*** DATA BLOCK Section Begins ***
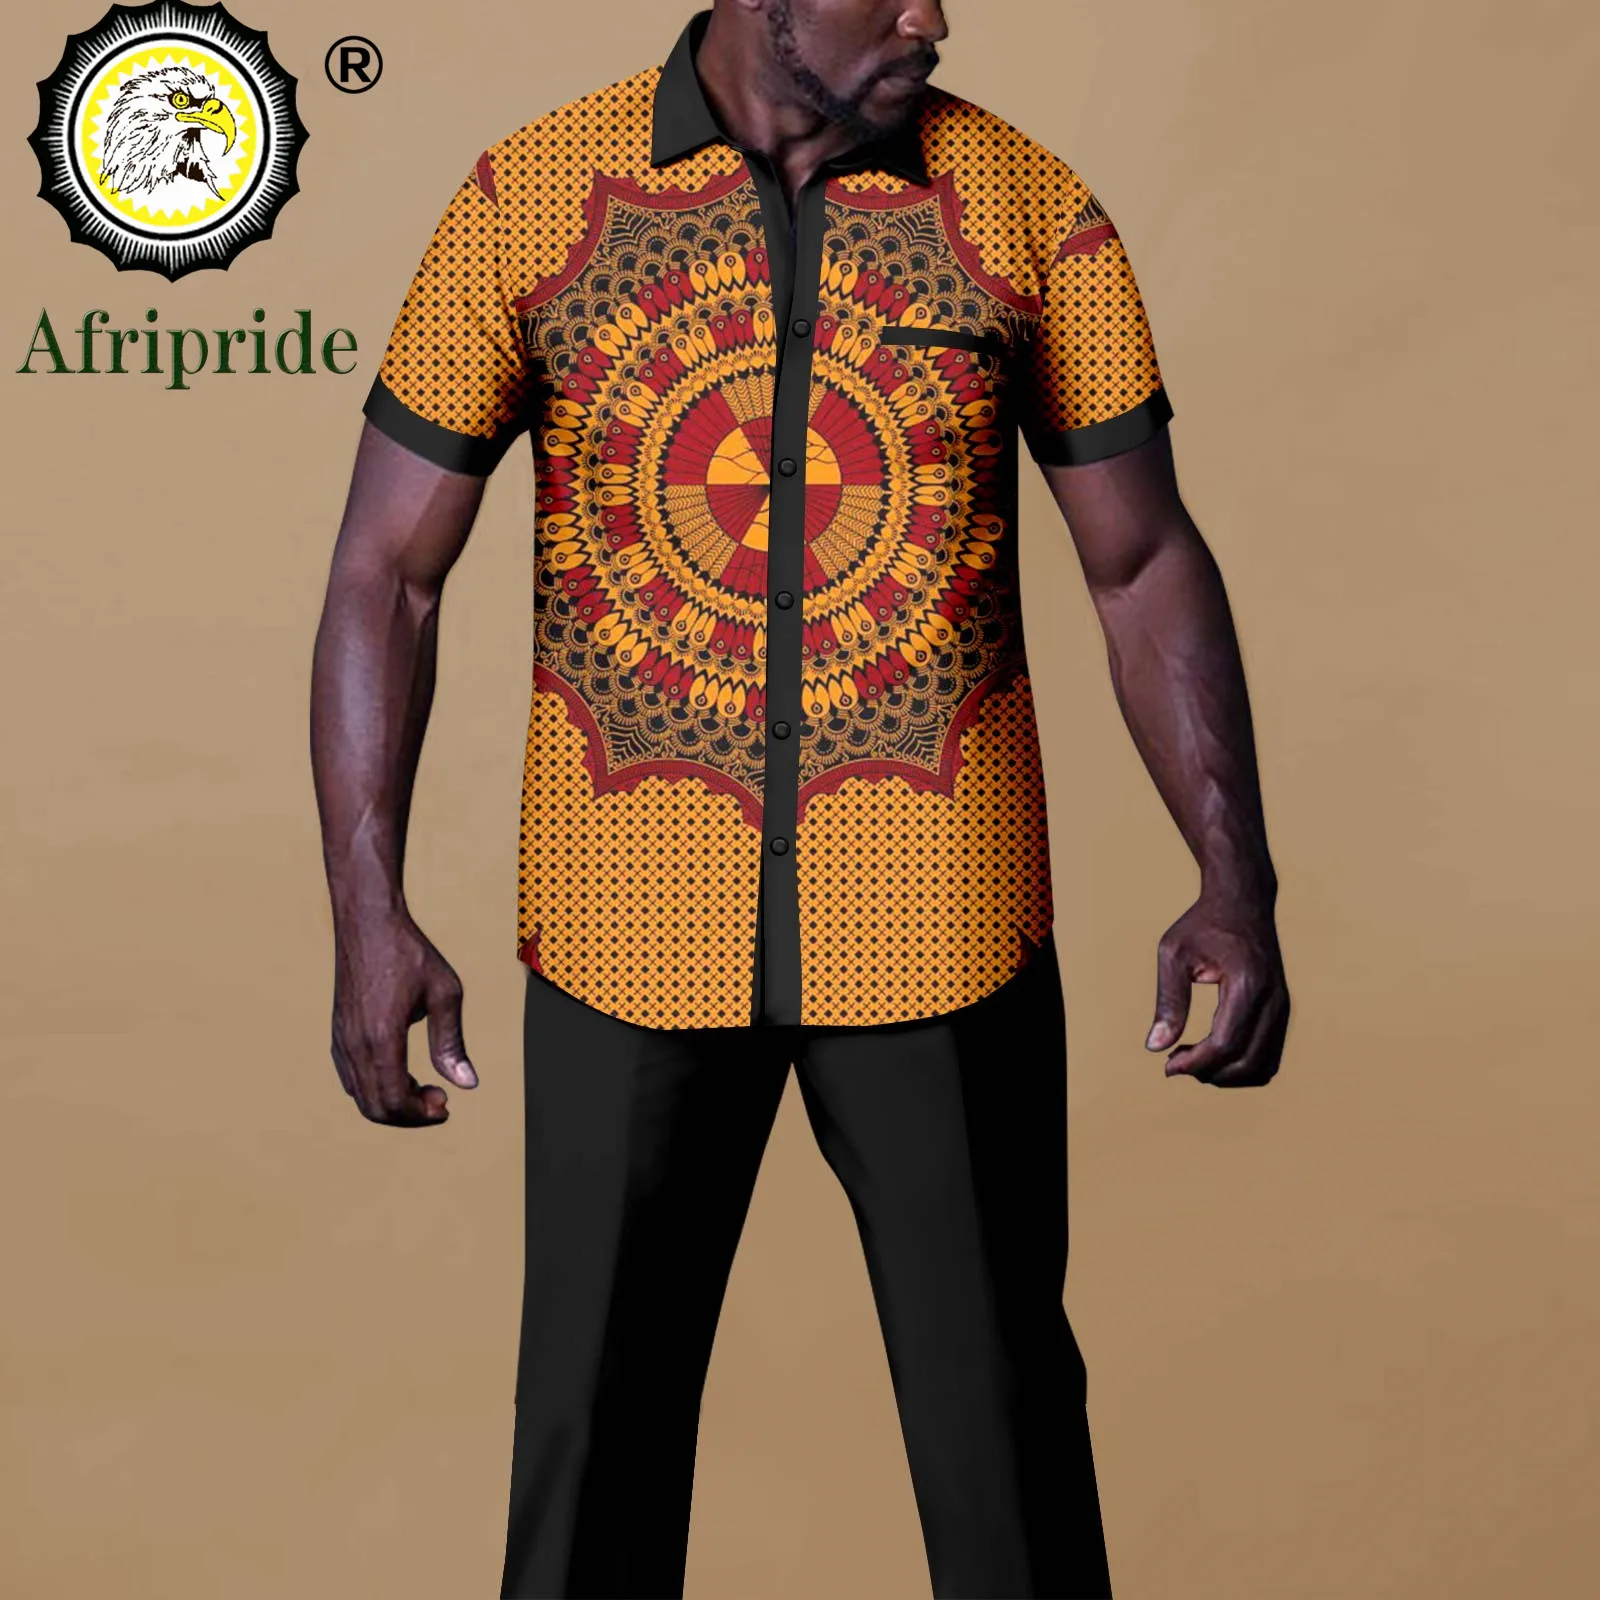 African Outfits for Men Tracksuit Short Sleeve Print Shirts and Pants Set Dashiki Outfits Plus Size Casual Sweatsuits A2216089 african clothes for men zip shirts and ankara pants 2 piece set dashiki outfits tribal tracksuit bazin riche outfits a2216073
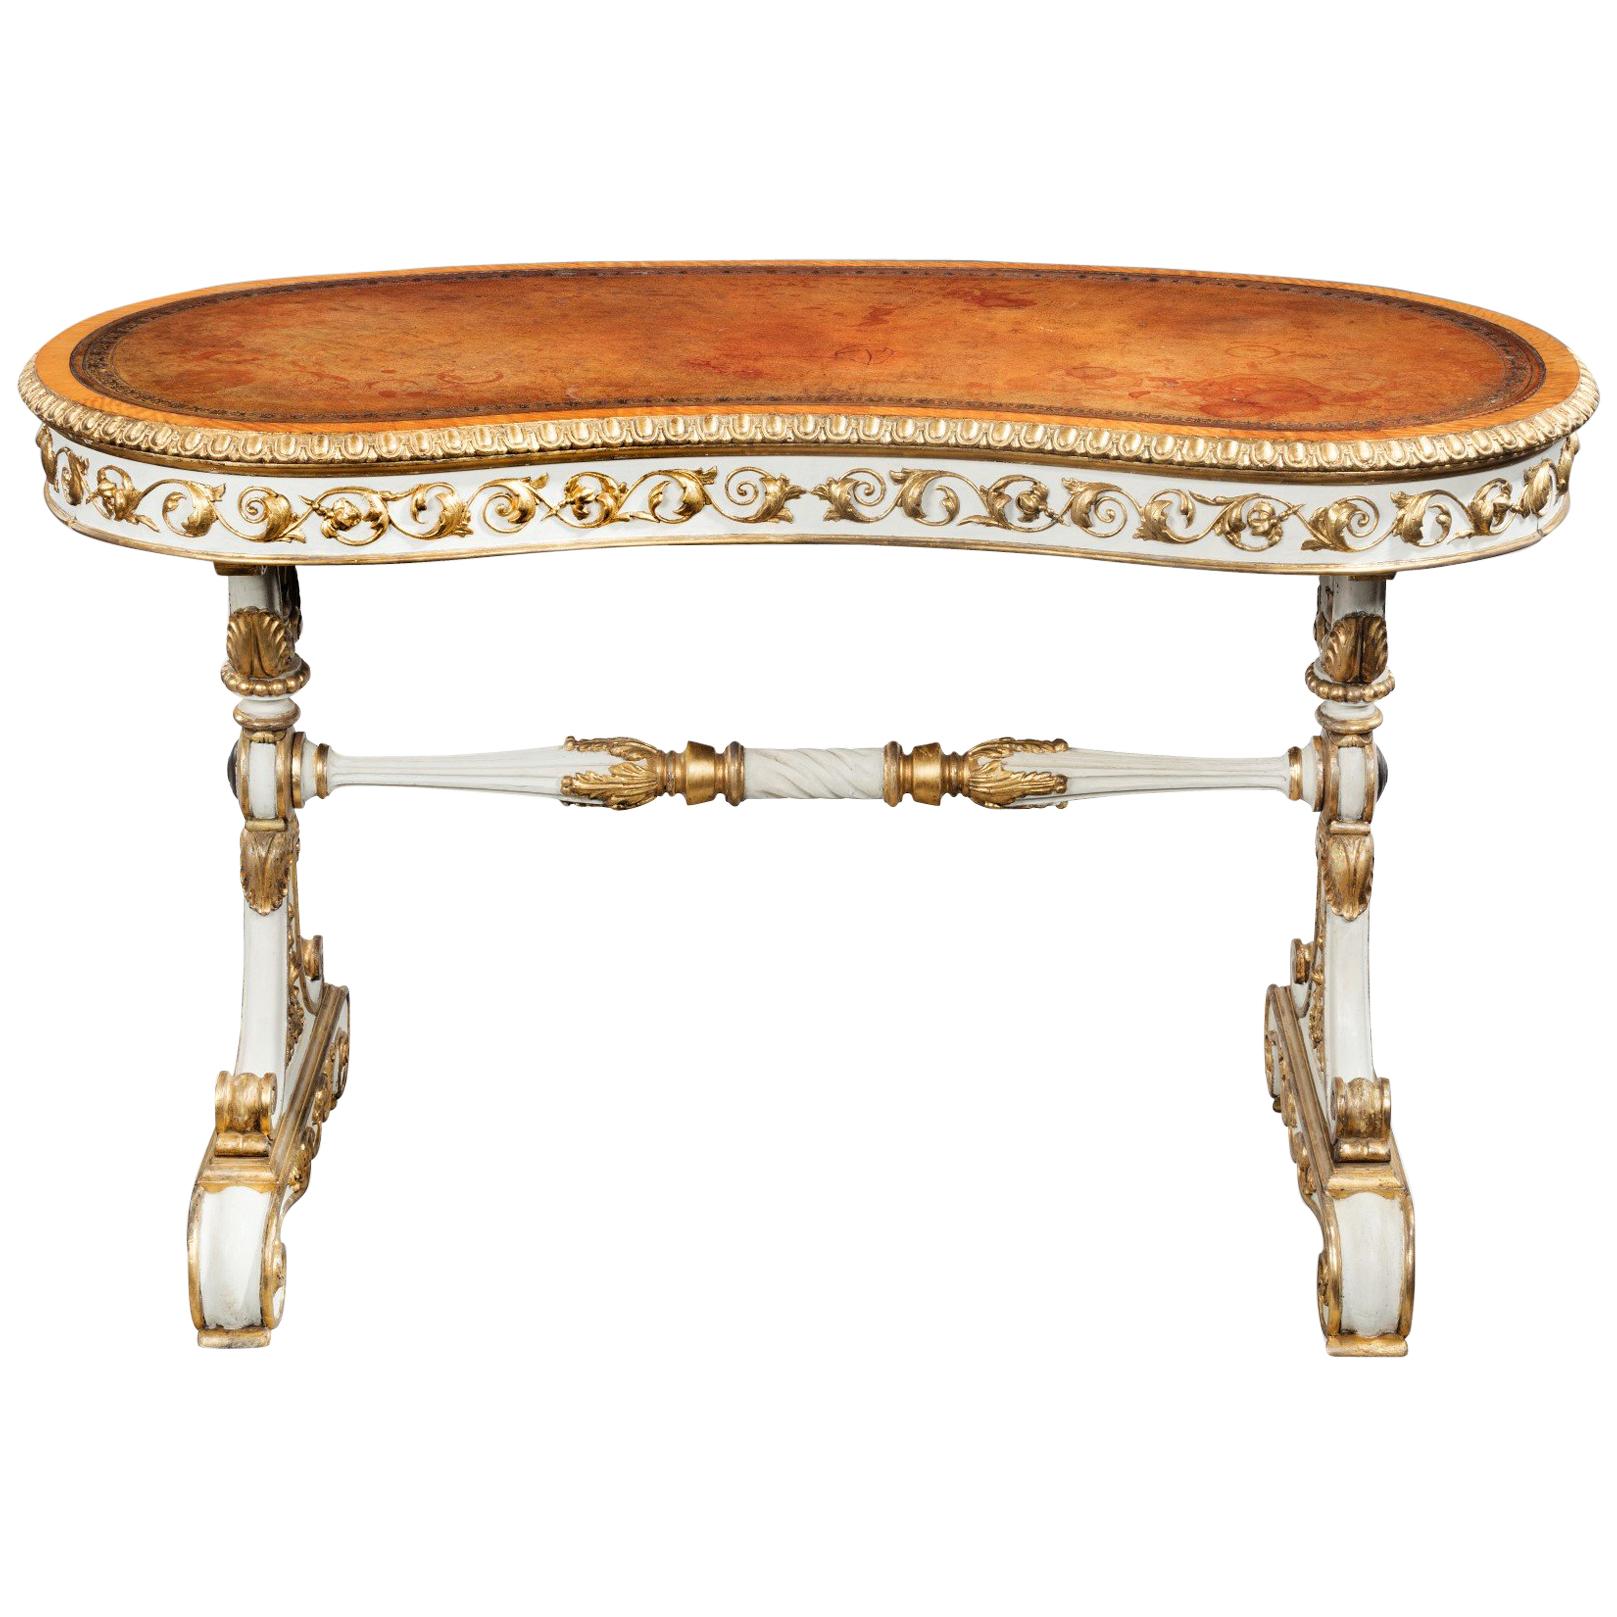 William IV Kidney Shaped Writing Table with Carved Giltwood and White Painted For Sale
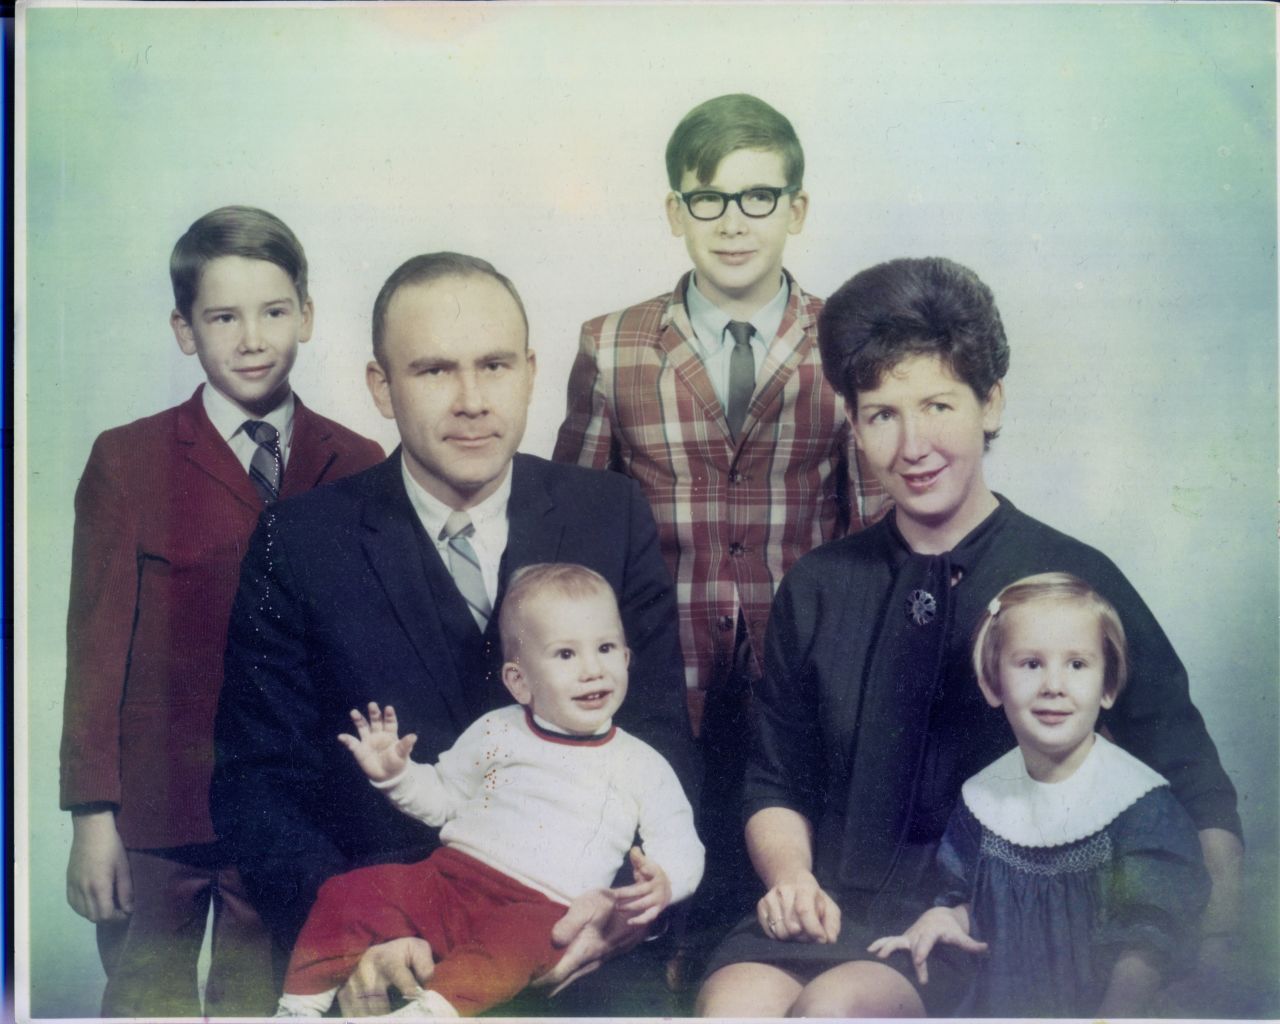 <a href="http://ireport.cnn.com/docs/DOC-948132">Cynthia Carr Falardeau</a> says this family photo from 1969 represents "a time of innocence."
*** DATA BLOCK Section Ends ***
▶ [ACTIVITY]:
Set down the line containing "William IV Kidney" and every line after it up to the end of the material, exactly as written, but not the pictures.

▶ [OUTPUT]:
 William IV Kidney Shaped Writing Table with Carved Giltwood and White Painted For Sale
 <a href="http://ireport.cnn.com/docs/DOC-948132">Cynthia Carr Falardeau</a> says this family photo from 1969 represents "a time of innocence."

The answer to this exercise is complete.